Serwer: Once you do something like this, you take away the boogeyman factor. This administration, when faced with this problem, has instead retreated.

Audience (Jason Leopold): Can you shed light on the politicization? Republicans aren’t calling for this, it was Democrats who largely supported defunding ACORN, it appears to be Dems supporting the military commissions.

Nadler: Doesn’t know more about the politicization beyond what’s been written. Decision to prosecute KSM and terrorism should be made in the DOJ, not by White House or other entity. In re: ACORN was one of the most shameful situations; there may have been challenges of growth and management of this useful organization, but this was about a smear. Democrats in general didn’t push back but joined the smear.

There is a problem obviously to get anything on the floor of the House that will be interpreted by 30-second television ads that could be construed as “Congressman so-and-so supported terrorism.” There is an effort to protect the marginals.

Wheeler: The numbers so far have kept a Lindsey Graham-John McCain nutso amendment from passing; the Dems threatened have been blue dogs (good riddance). but the numbers are getting closer.

Nadler: Was commenting

Audience (Rachel Meyers, ACLU): Is Article 3 trials in Guantanmo the best we can hope for?

Nadler: Not constitutional, trial in that case doesn’t happen where crime occurred.

Wheeler: The government has been trying to prevent the facts about the interrogator who threatened Omar Khadr with rape and death — facts that show the interrogator was involved in detainee deaths — from being disclosed.

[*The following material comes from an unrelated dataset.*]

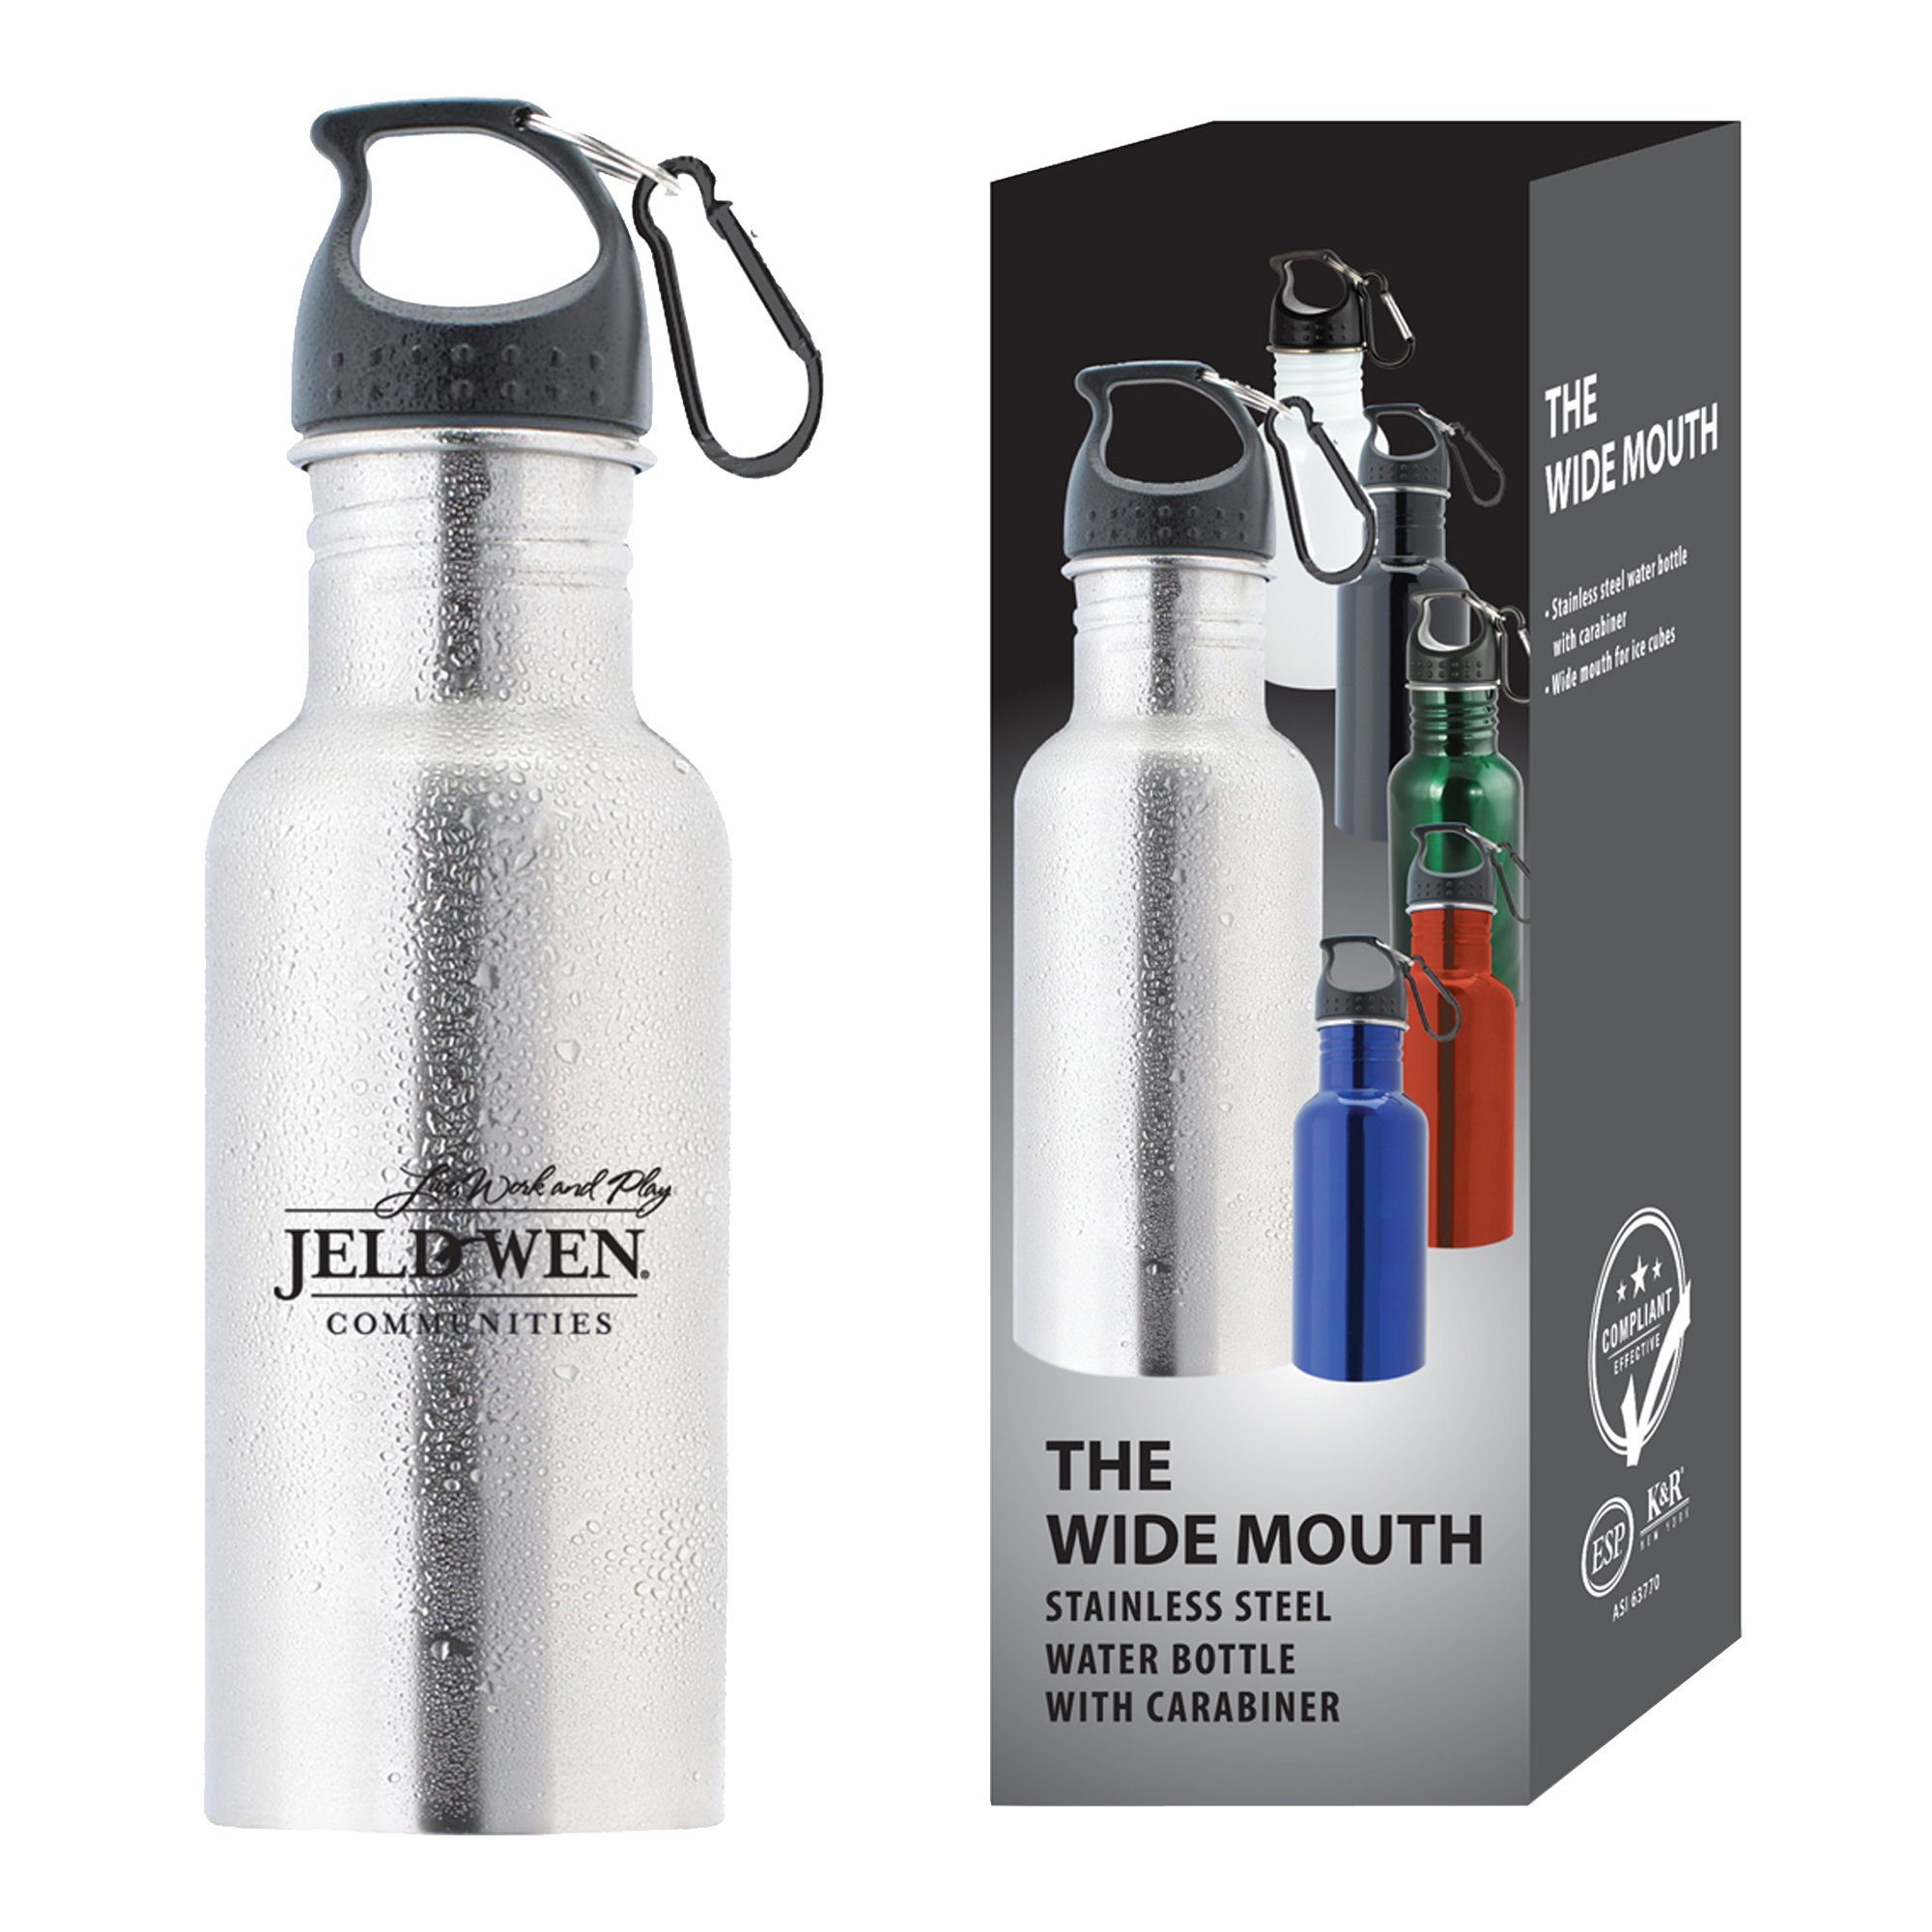 Double Walled Powder-Coated Sweat Proof Thermos - 3 Size and 8 Color Options Vacuum Insulated Carabiner Clip Day 1 Fitness Stainless Steel Water Bottle Standard Mouth 16 oz, 24 oz, or 32 oz 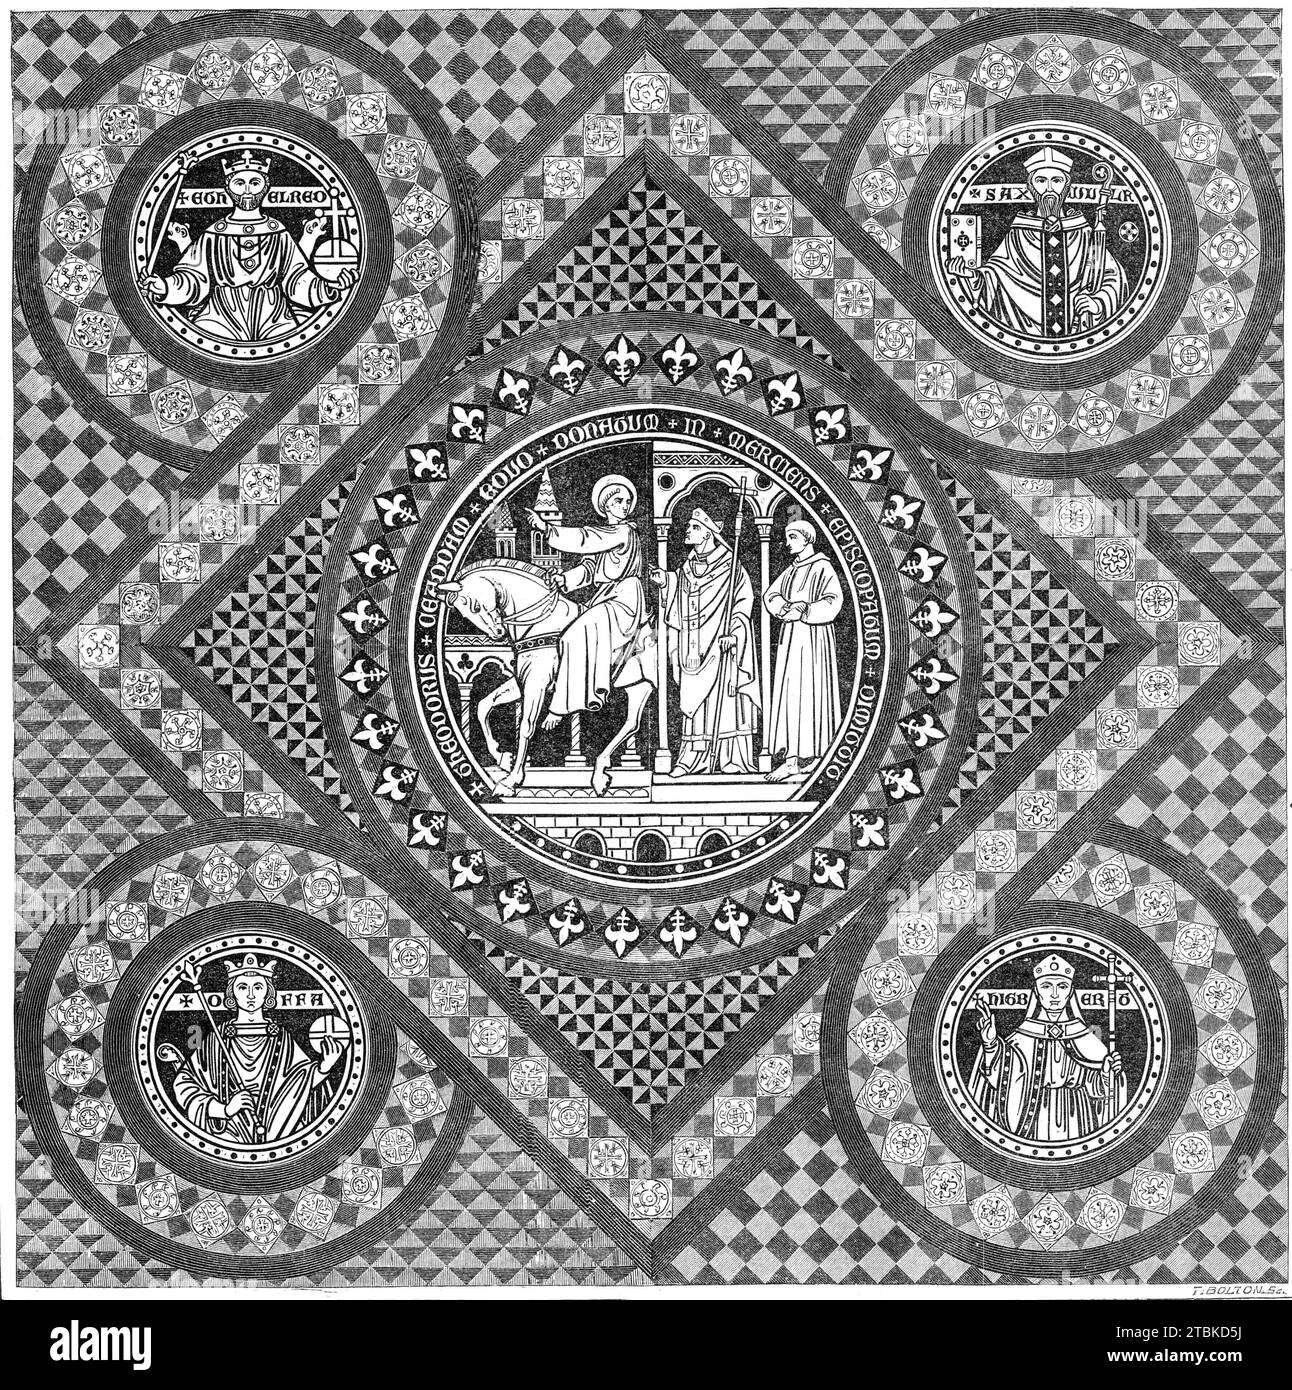 Incised pavement in Lichfield Cathedral, 1861. St Chad on horseback. 'Amongst the many noteworthy works comprised in the recent restorations, under G. G. Scott, R.A....is conspicuous the elaborately-wrought pavement...This work is principally remarkable from its representation of a process which has scarcely been recognised in our late revival of ancient art. We allude to the execution of &quot;storied&quot; pavements...rich with illustrations of sacred history and significance...The pavement...has been subdivided quarterly. In each division is a circular slab, upwards of 3ft. in diameter, of Stock Photo

Civilian courts typically have more access.

Nadler: Concurs on access.

Wheeler: Is Ghailani’s trial, Abdulmuttalab’s trial going to remove the boogeyman factor?

Serwer: Aside the ability of al Qaeda to claim legitimacy under Islam, these are whackos, some of which are recent converts to al Awakism. It’s like Branch Davidians being called Christians.

Warren: What is the real fear? the radicalization is a red herring. It’s used as leverage. In a pre-9/11 world we knew there were many small groups who were radicalized on their own who’d light their underwear on fire. Other attempts have been labeled subsequent waves of attacks instead of independent events. We conceded defeat to this thinking which will affect us for years to come.

Serwer: Republicans are fighting hard against KSM’s trial in NYC because they lose their fear chip if KSM successfully tried and humiliated in court.


That’s a wrap, folks. Again, this is a rough paraphrase and not an exact transcript. There are several comments which were not captured (and in some cases were quite funny) that video will reveal once we have video processed and loaded.